According to the wavelength of light absorption, types of photoinitiators can be categorized into ultraviolet photoinitiators (wavelengths 250nm~400nm) and visible light photoinitiators (wavelengths 400nm~700nm). Based on the mechanism of photopolymerization, types of photoinitiators can be divided into free radical photoinitiators and cationic photoinitiators.

Free radical photoinitiators can further be differentiated based on their mechanism of generating free radicals into cleavage-type photoinitiators (also known as Type I initiators) and hydrogen abstraction-type photoinitiators (also known as Type II initiators).

Cleavage-Type Free Radical Photoinitiators

Cleavage-type free radical photoinitiators refer to photoinitiators whose molecules, upon absorbing light energy, transition to the excited singlet state and then intersystem cross to the excited triplet state. In these states, the molecular structure becomes unstable, causing the weak bonds to homolytically cleave, producing primary active free radicals that initiate the polymerization and crosslinking of oligomers and reactive diluents.

Cleavage-type free radical photoinitiators are mostly aromatic alkyl ketone compounds, including benzoin and its derivatives (benzoin ethers), benzil and its derivatives (such as PowerCure 651), acetophenone derivatives (such as PowerCure DEAP), α-hydroxy ketone derivatives (such as PowerCure 1173, PowerCure 184, PowerCure 2959), α-amino alkyl acetophenone (PowerCure 907, PowerCure 369), and acylphosphine oxide compounds (PowerCure TPO, PowerCure TPO-L, PowerCure 819).

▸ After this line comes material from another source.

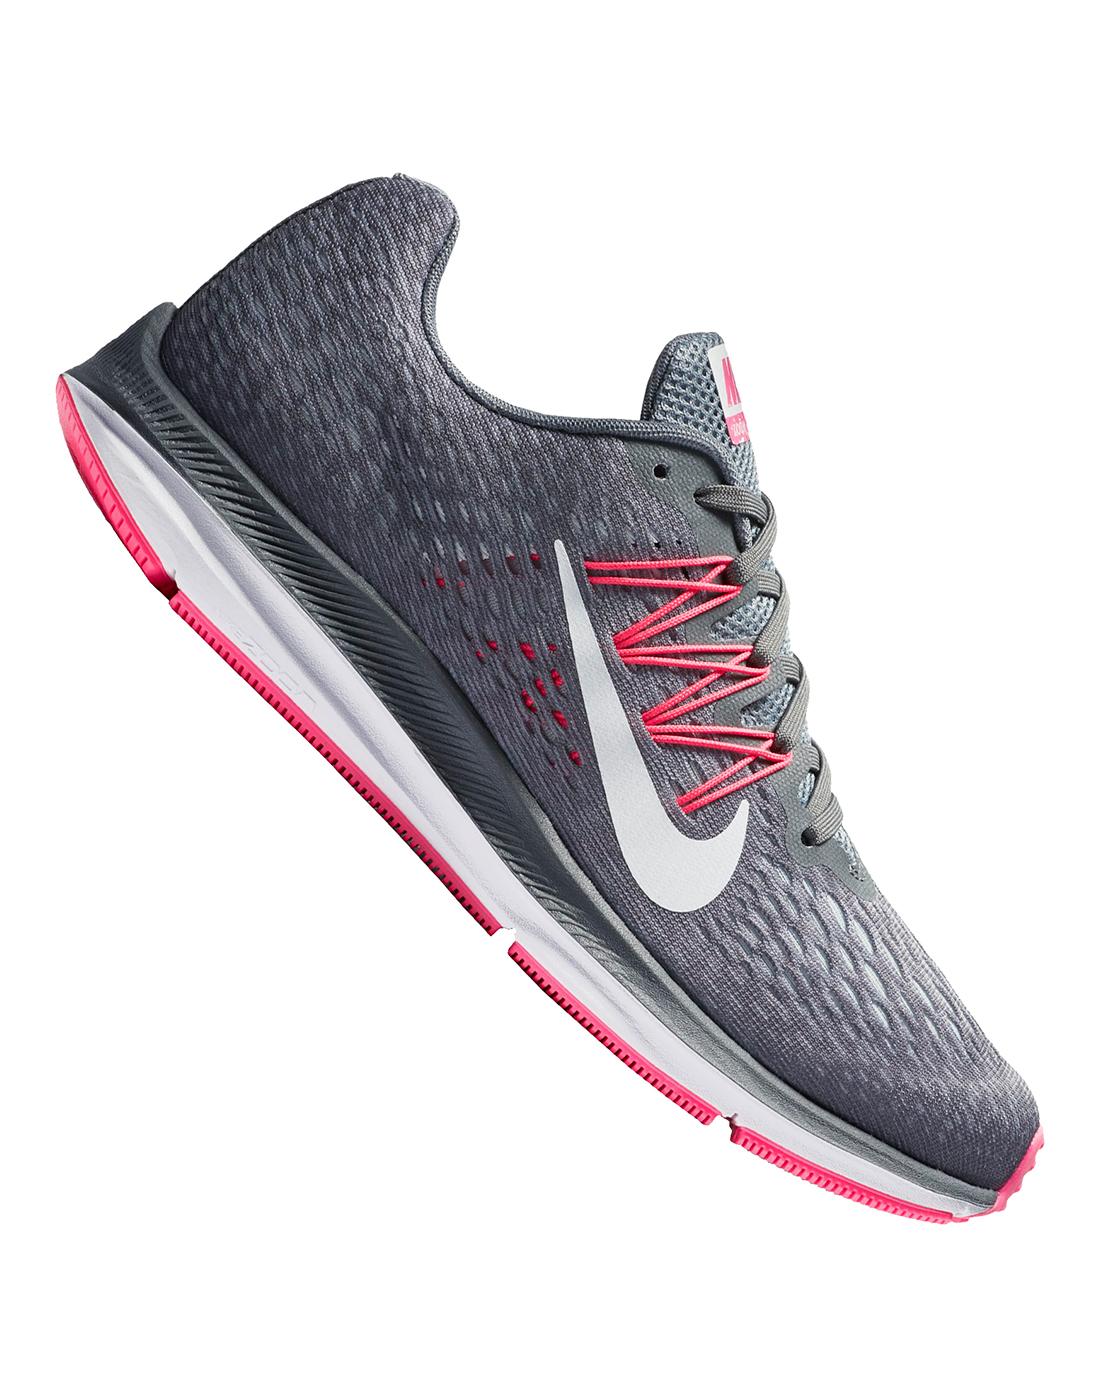 318fd669554e4 Nike Womens Air Zoom Winflo 5

Hydrogen Abstraction-Type Free Radical Photoinitiators

Hydrogen abstraction-type photoinitiators refer to those that, after absorbing light energy and getting excited, transition to the excited triplet state, where they undergo bimolecular interaction with a co-initiator—a hydrogen donor. Through electron transfer, they produce active free radicals that initiate the polymerization and crosslinking of oligomers and reactive diluents. Major examples include benzophenone and its derivatives, thioxanthone compounds (ITX, DETX), and anthraquinone compounds (2-EA).